▸ **RAW DATA**
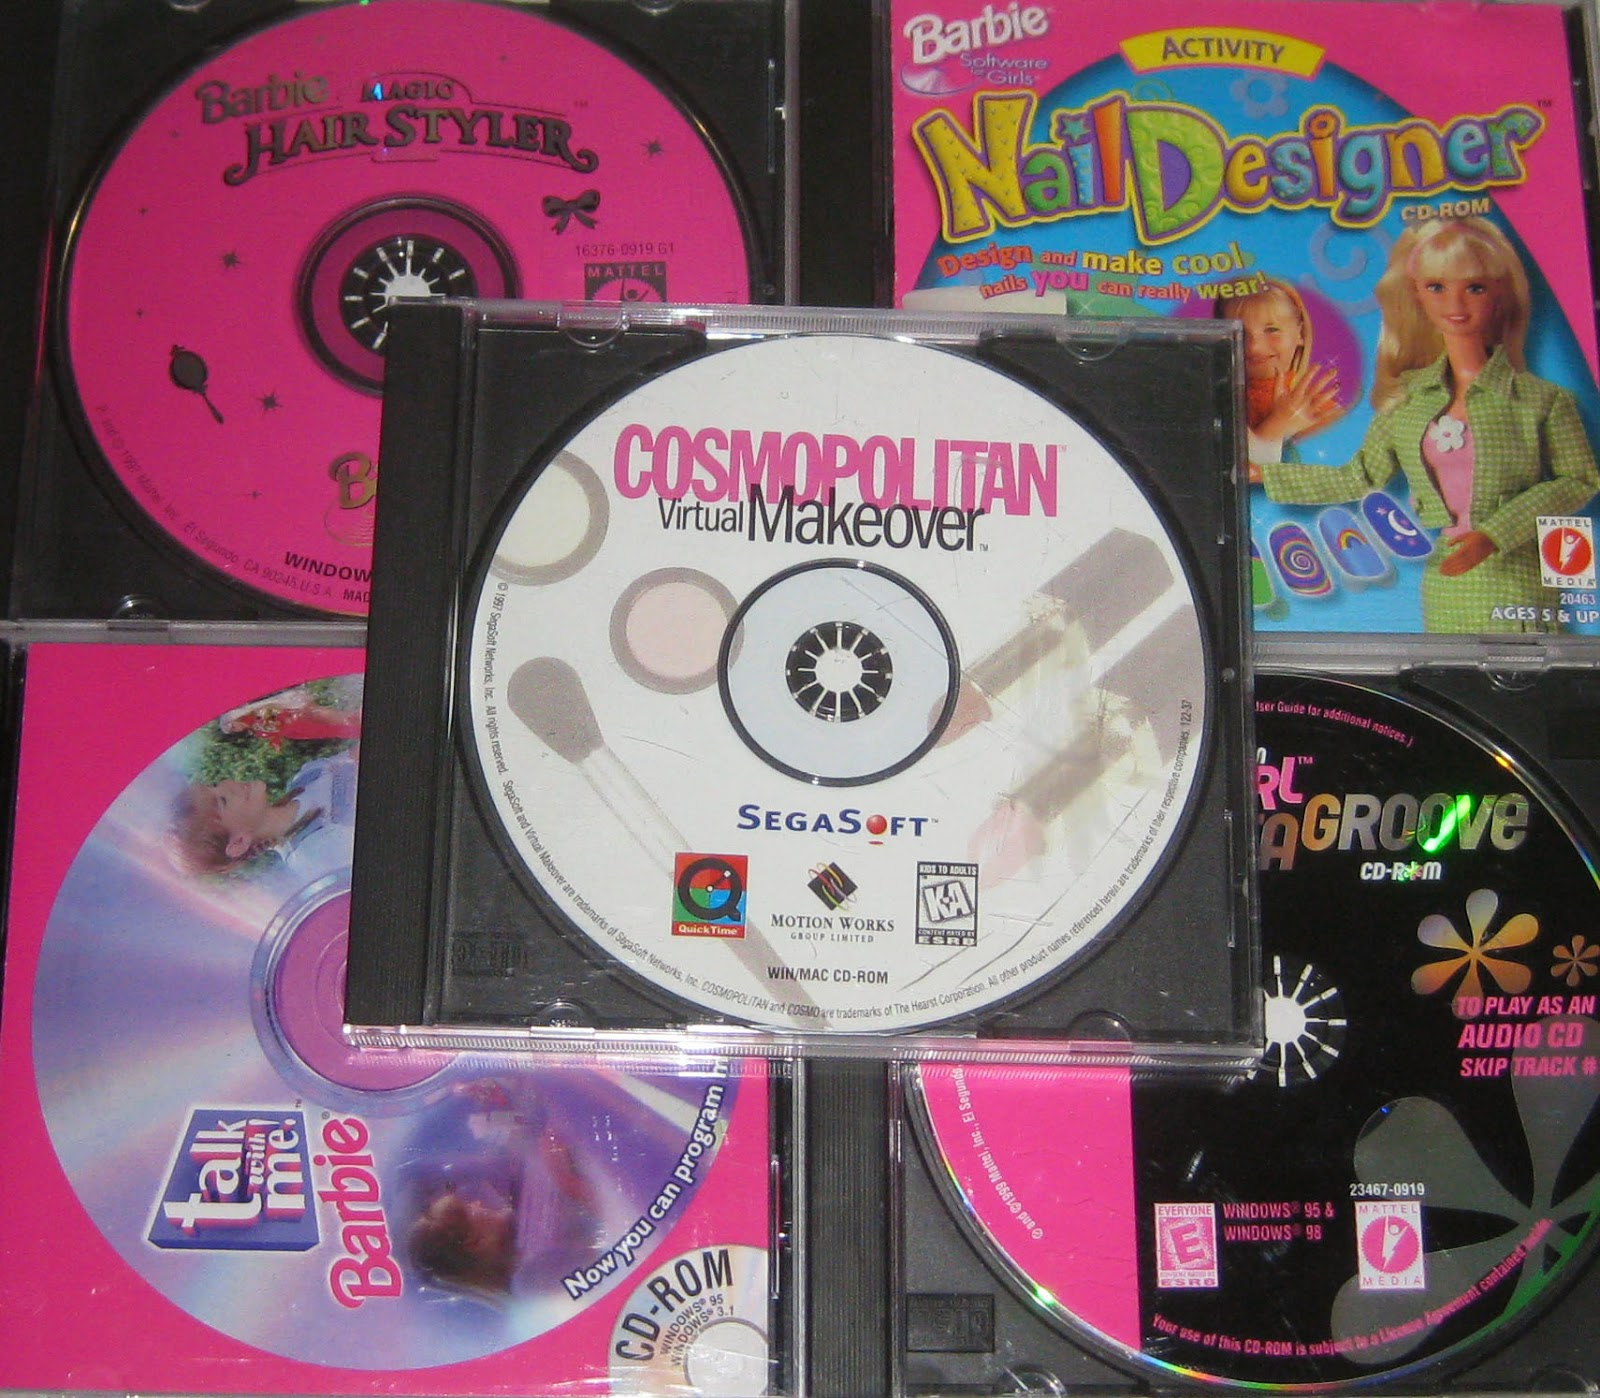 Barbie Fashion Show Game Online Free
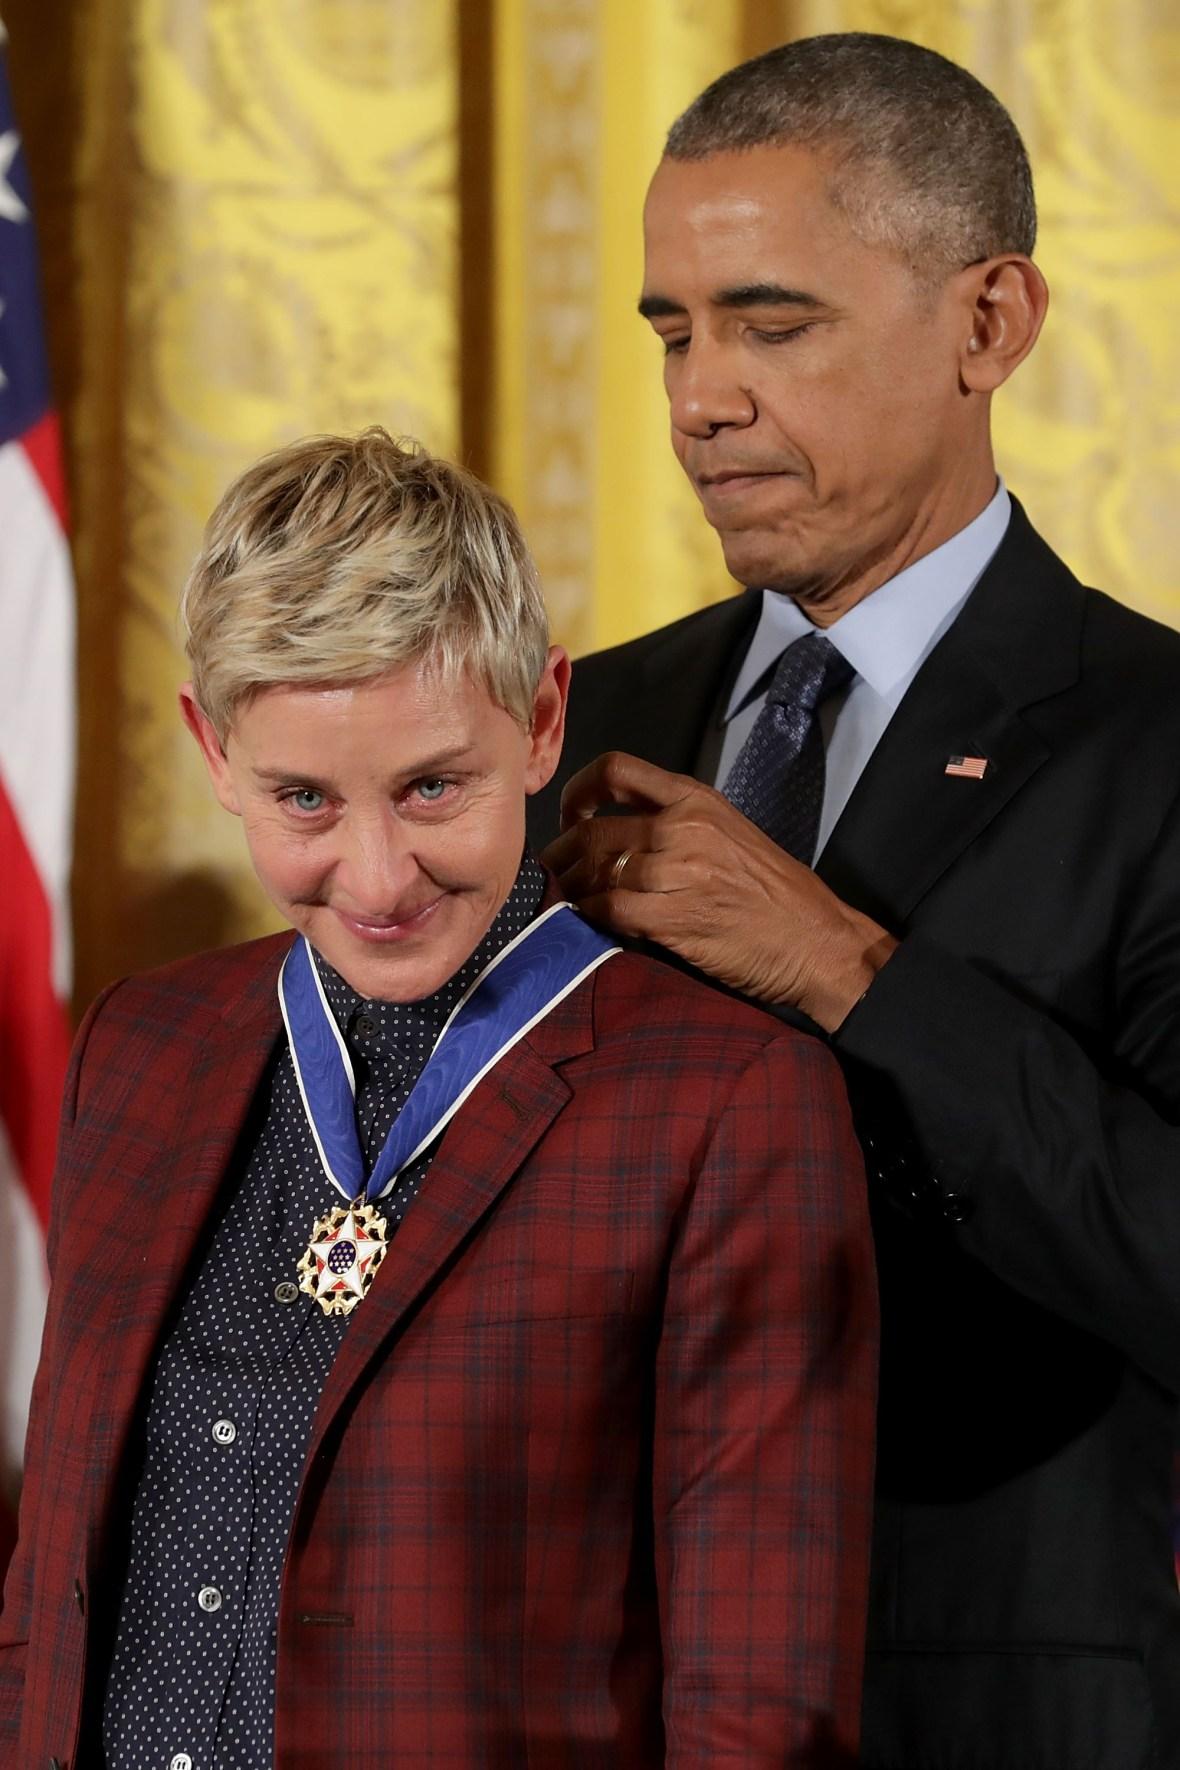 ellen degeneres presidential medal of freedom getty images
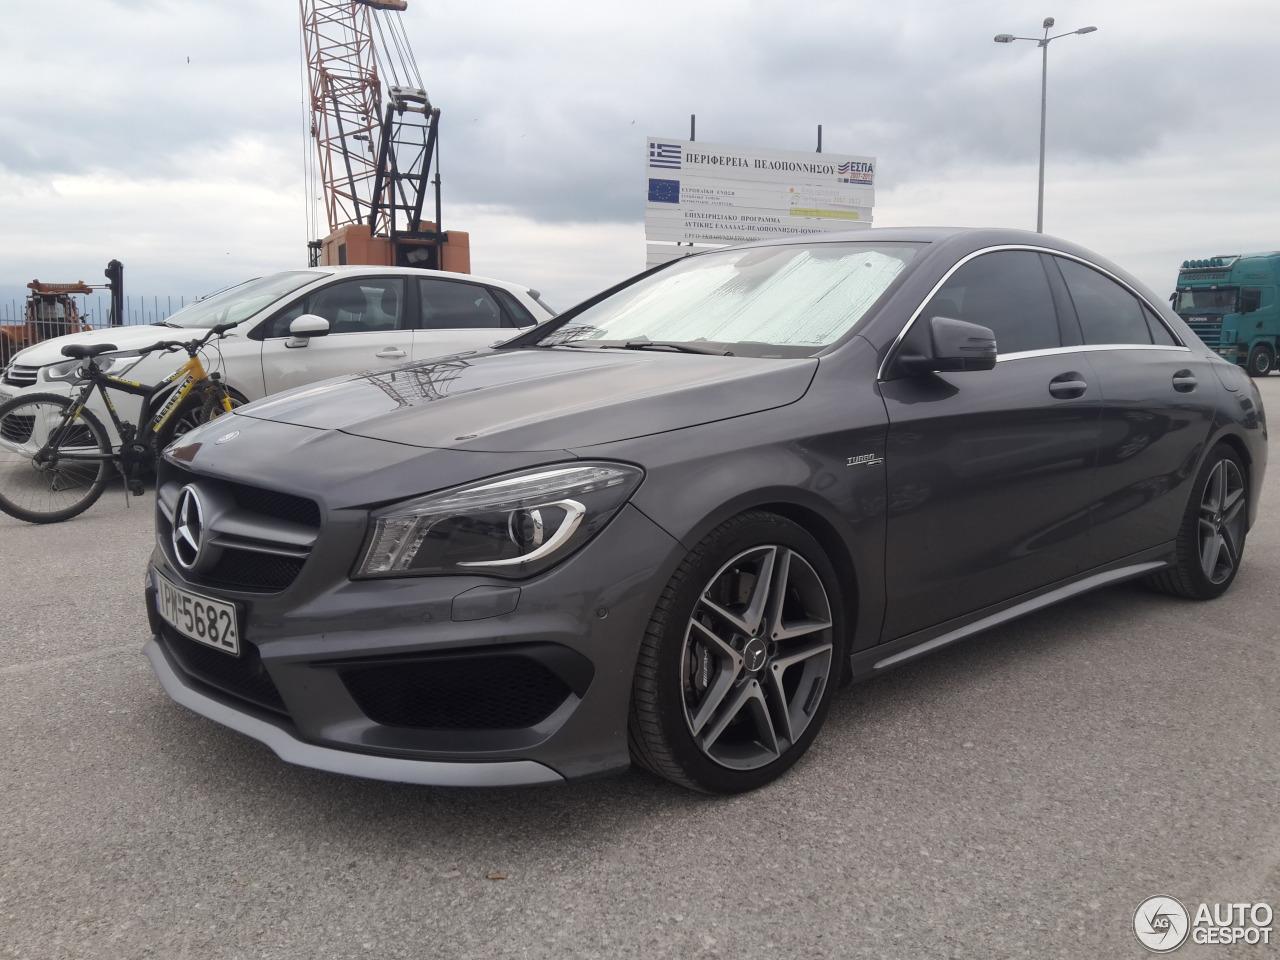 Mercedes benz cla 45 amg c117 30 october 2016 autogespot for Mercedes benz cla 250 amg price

▸ **THE PROBLEM**
Give an exact copy of the material, leaving out every picture.

▸ **TASK ANSWER**
 Barbie Fashion Show Game Online Free
 ellen degeneres presidential medal of freedom getty images
 Mercedes benz cla 45 amg c117 30 october 2016 autogespot for Mercedes benz cla 250 amg price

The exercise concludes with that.